Index differences from air temperature

daily_diff <- heat_data %>%
  mutate(across(c(wet_bulb, heat_index, wbgt, utci, humidex), ~ .x - temp_c)) %>%
  group_by(date) %>%
  summarise(across(c(wet_bulb, heat_index, wbgt, utci, humidex), mean, na.rm = TRUE), .groups = "drop") %>%
  pivot_longer(-date, names_to = "Index", values_to = "diff")

ggplot(daily_diff, aes(date, diff, fill = Index)) +
  geom_col(position = "dodge", alpha = 0.8) +
  geom_hline(yintercept = 0, linetype = "dashed") +
  scale_fill_brewer(palette = "Set2") +
  labs(title = "Deviation from air temperature", x = NULL, y = "Difference (°C)")

A few things stand out:

  • Wet bulb stays below air temperature because of evaporative cooling.
  • Heat index and humidex rise above it when humidity is high.
  • WBGT and UTCI run high here because of the solar load.

Spatial analysis

The same indices, mapped across India by district.

districts_url <- "http://bharatviz.saketlab.org/India_LGD_districts.geojson"
districts_file <- "indian_districts.geojson"

if (!file.exists(districts_file)) {
  download.file(districts_url, districts_file, mode = "wb")
}

districts_sf <- sf::st_read(districts_file, quiet = TRUE)
heat_vars <- c("temp_c", "wet_bulb", "heat_index", "wbgt", "utci", "humidex", "rh")

monthly_heat <- heat_data %>%
  group_by(longitude, latitude) %>%
  summarise(across(all_of(heat_vars), mean, na.rm = TRUE), .groups = "drop") %>%
  st_as_sf(coords = c("longitude", "latitude"), crs = 4326)
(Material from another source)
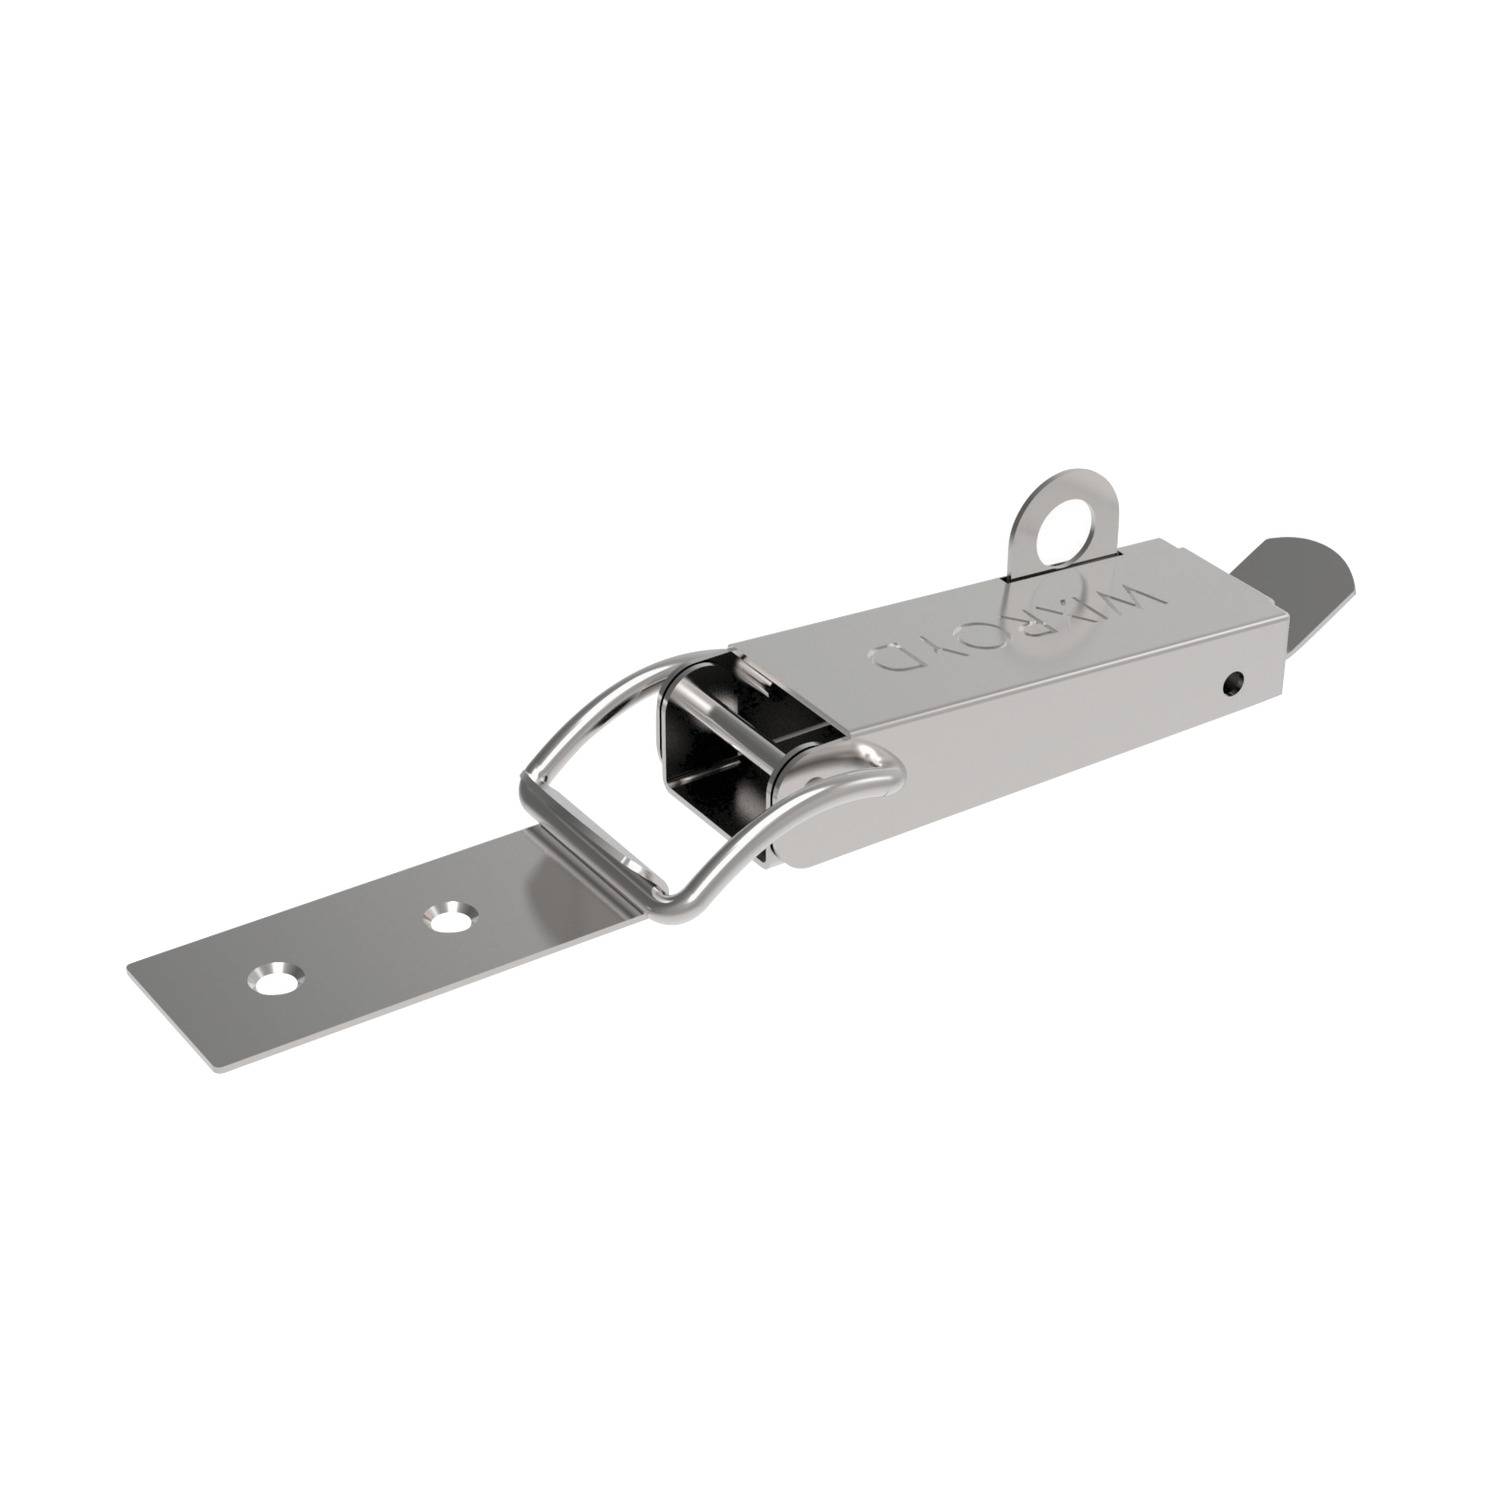 Toggle Latches Toggle latches with padlock shackle. Overall length of 193.5mm. Supplied with counter strike.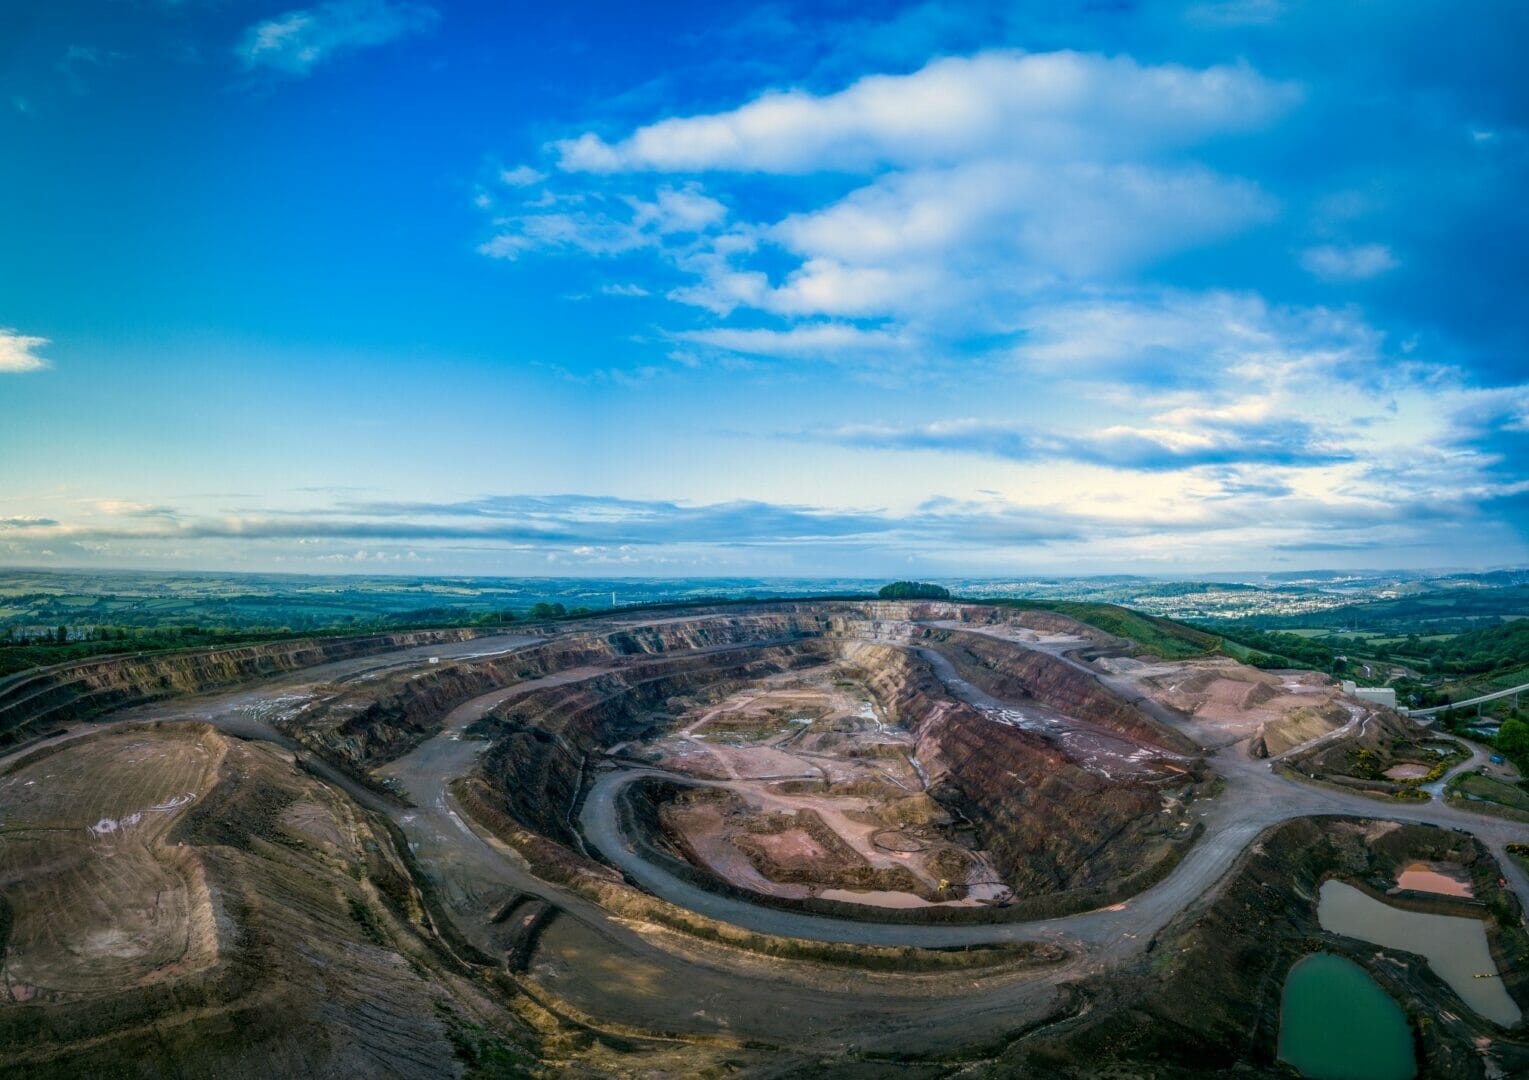 GRS AND TUNGSTEN WEST TO USE MINE WASTE AS SUSTAINABLE AGGREGATE

district_map <- districts_sf %>%
  st_join(monthly_heat) %>%
  group_by(district_name, state_name) %>%
  summarise(across(all_of(heat_vars), mean, na.rm = TRUE), .groups = "drop")
heat_map <- function(var, title) {
  ggplot(district_map) +
    geom_sf(aes(fill = .data[[var]]), color = "white", linewidth = 0.05) +
    scale_fill_distiller(palette = "Spectral", name = "°C", na.value = "grey90") +
    labs(title = title) +
    theme_void()
}

(heat_map("temp_c", "Temperature") | heat_map("wet_bulb", "Wet bulb") | heat_map("heat_index", "Heat index")) /
  (heat_map("wbgt", "WBGT") | heat_map("utci", "UTCI") | heat_map("humidex", "Humidex")) +
  plot_annotation(title = "Heat stress indices across India (May 2023)")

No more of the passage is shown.